🩷²⁶

1.3K 66 17
                                    






delirdim, çünkü benim değildin ve bir başkasının olamazdın.





beyza'dan.

baş ağrım gittikçe şiddetlenirken kendimi yatağa attım, sabaha karşı yurda dönmüştüm ve karşılaştığım görüntü elbette ki beklediğim türdendi.

yaren yerinde sanki olabilecekmiş gibi küçüldükçe küçülerek yerde cenin pozisyonunda uyuyakalmıştı.

bakışlarım tenine kaydı istemsizçe, çizik doluydu, derin kestiği yer sargı beziyle sarılmıştı -ki sargı bezinde de kan lekesi vardı- duşta kollarını tahriş ettiğinden bahsetmesinin kanıtı olarak da yer yer kızarmıştı bedeni.
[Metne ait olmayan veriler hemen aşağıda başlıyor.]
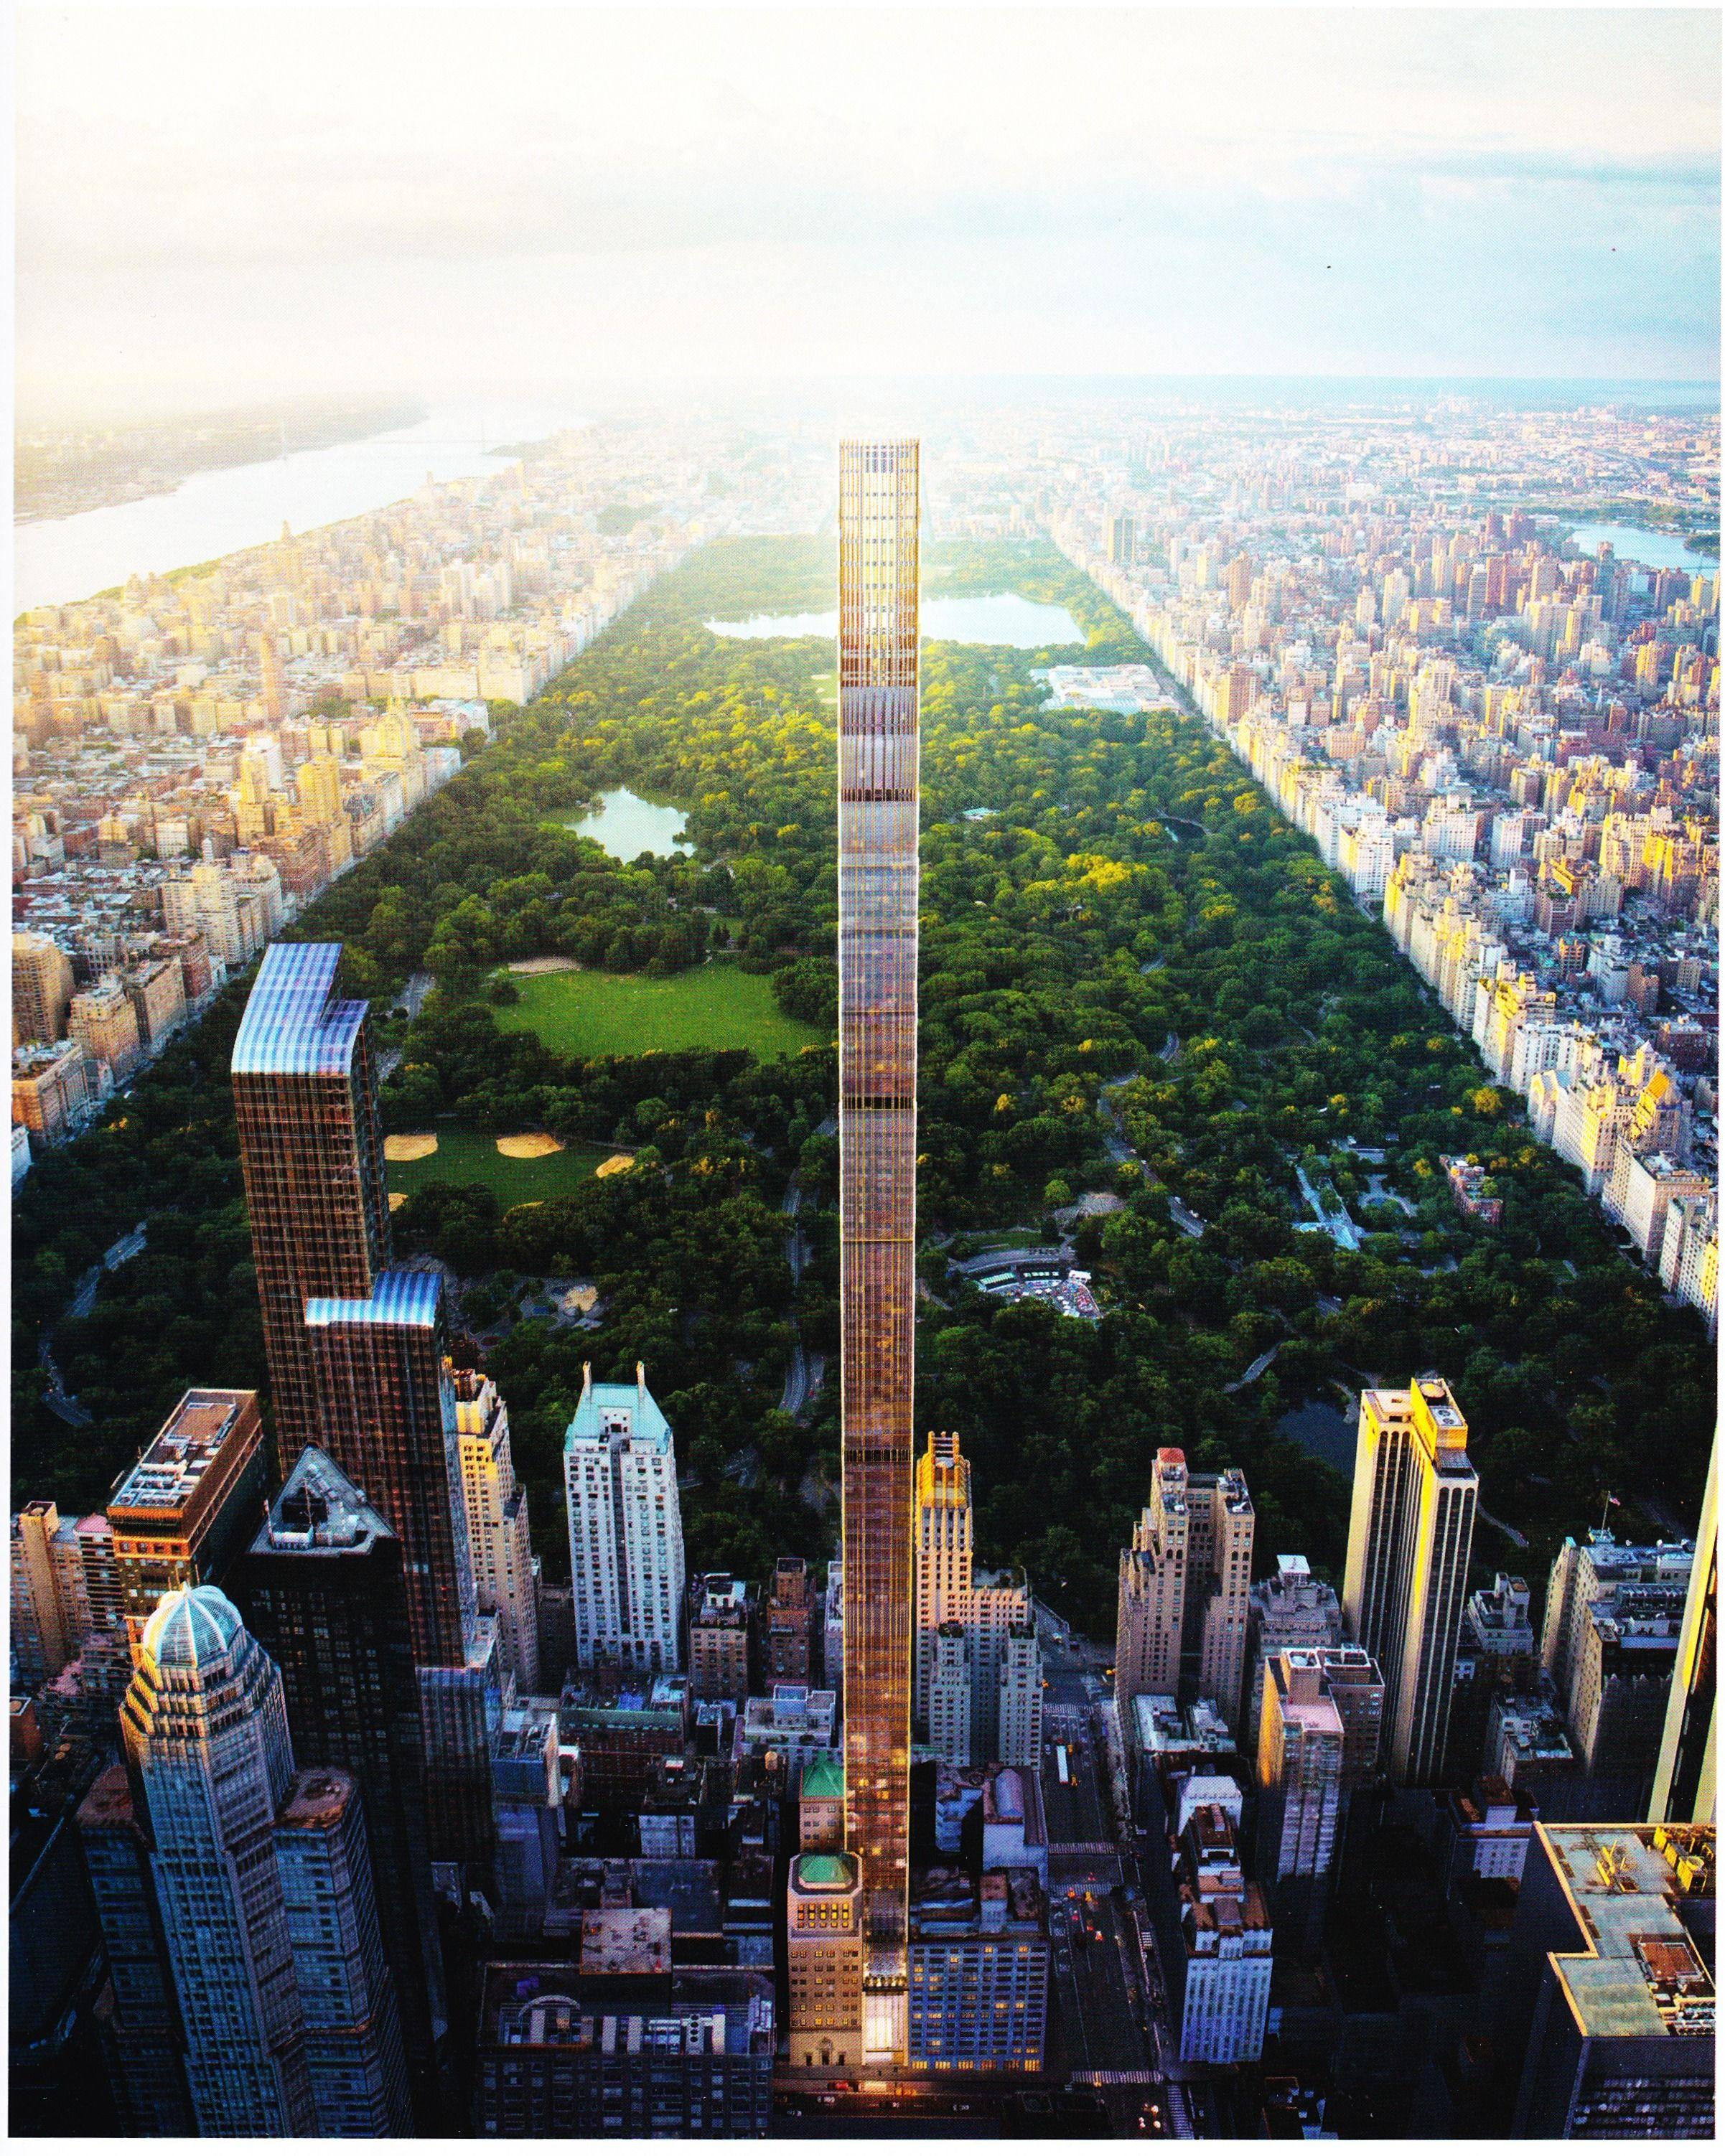 York 111 West 57th Street - Steinway Tower 433m 1421ft 95 Fl Prep Gina 82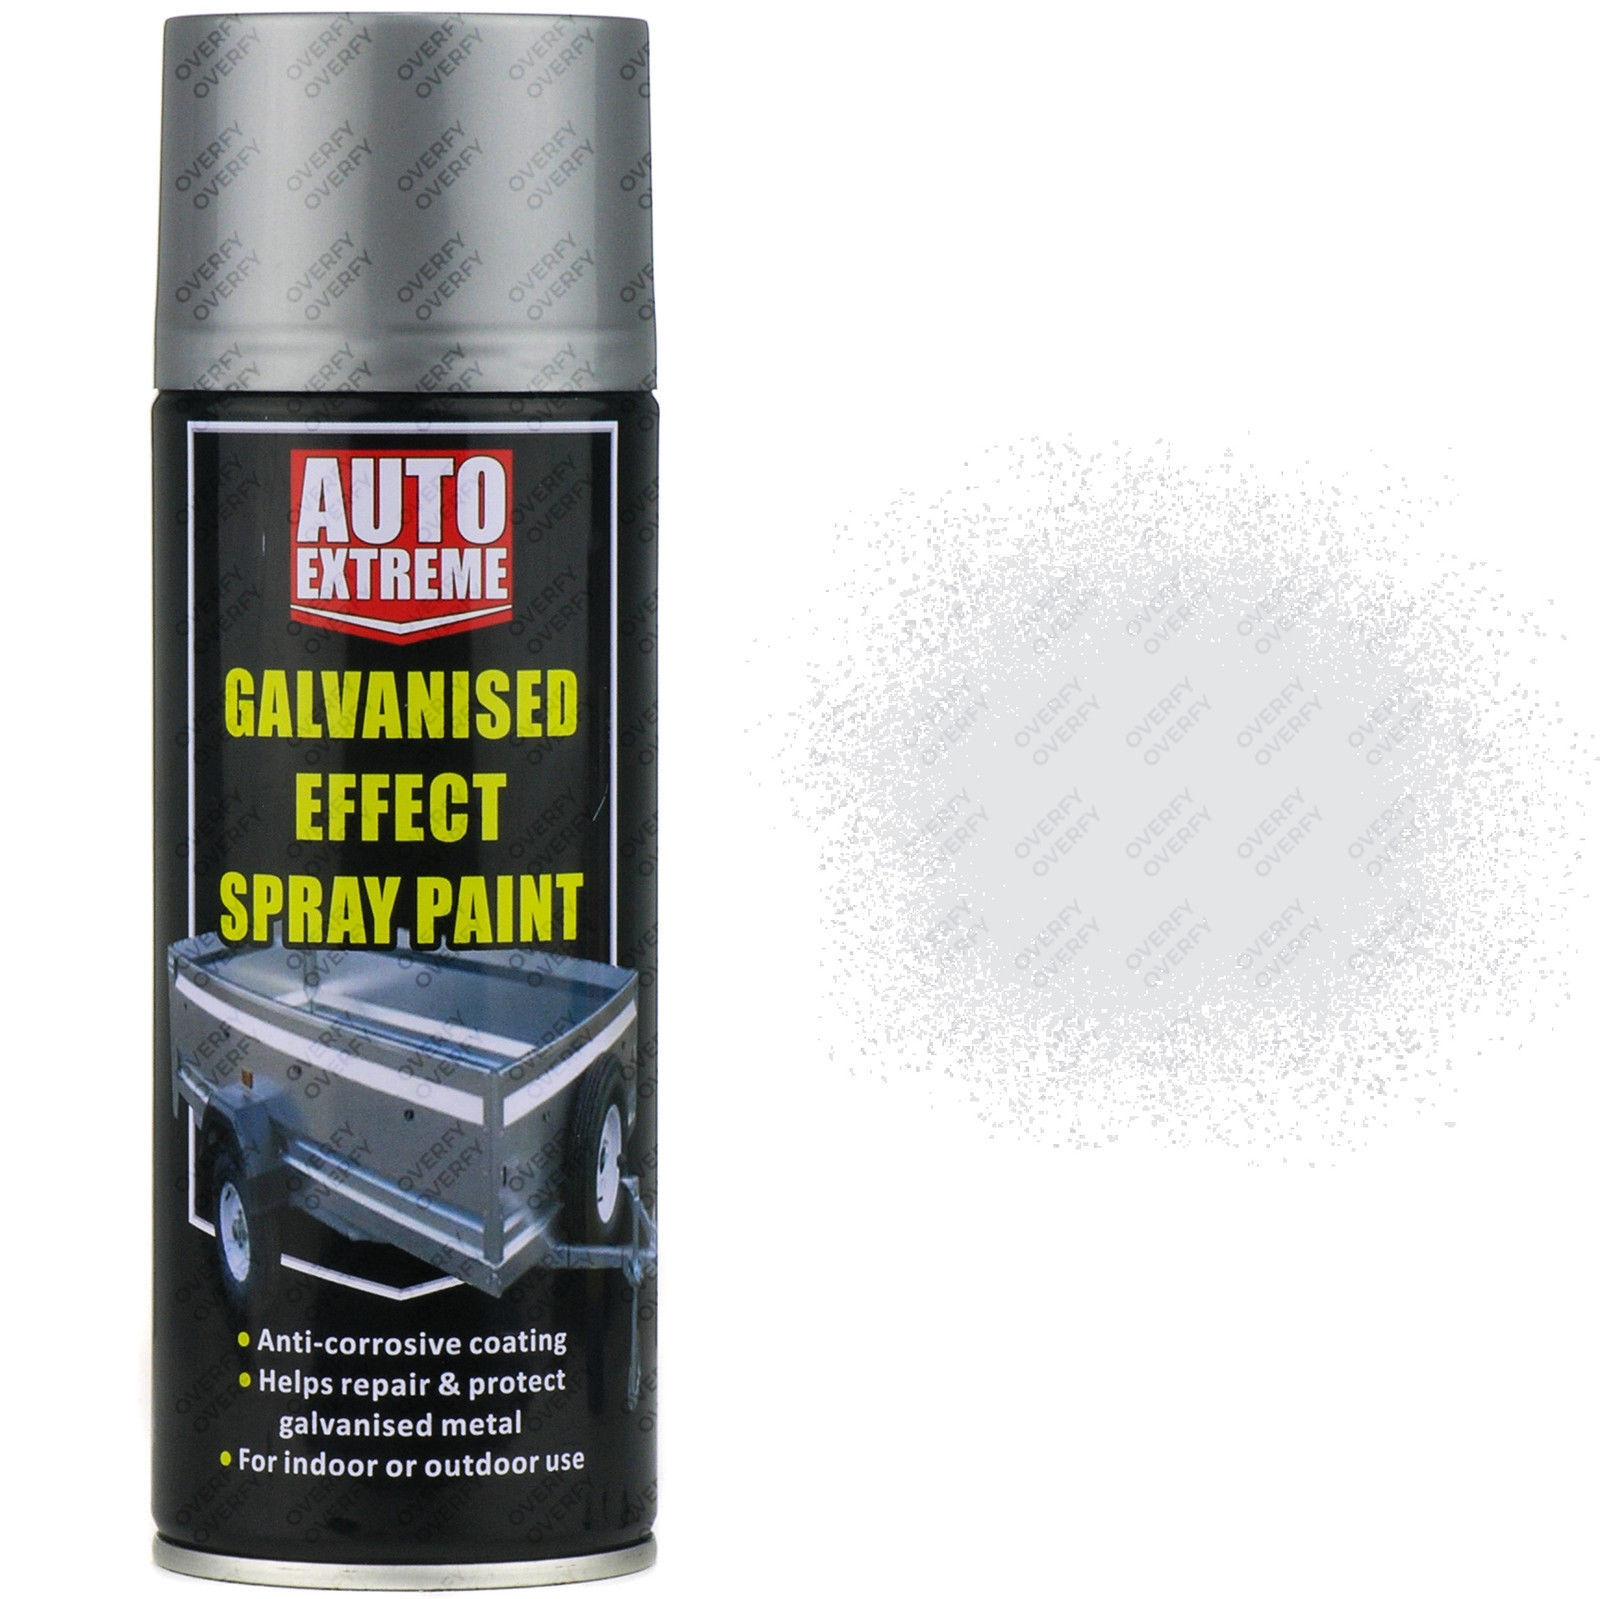 auto extreme aerosol spray paint satin gloss matt primer. Black Bedroom Furniture Sets. Home Design Ideas

dudağımın kenarı kıvrıldı.

uyurken bile acı çekiyormuş gibi görünüyordu, gözle görülür bir gerçekti. onun minik bedeni bu kadar acıyı kaldıramazdı. uzun sürmeyecekti, tahmin edebiliyordum.

geçmiş ne kadar güzeldi değil mi? bizim sürekli kaçıp durduğumuz geçmiş. aslında hikaye tam da burada başlıyor. benim kendi geçmişimi unutmamla..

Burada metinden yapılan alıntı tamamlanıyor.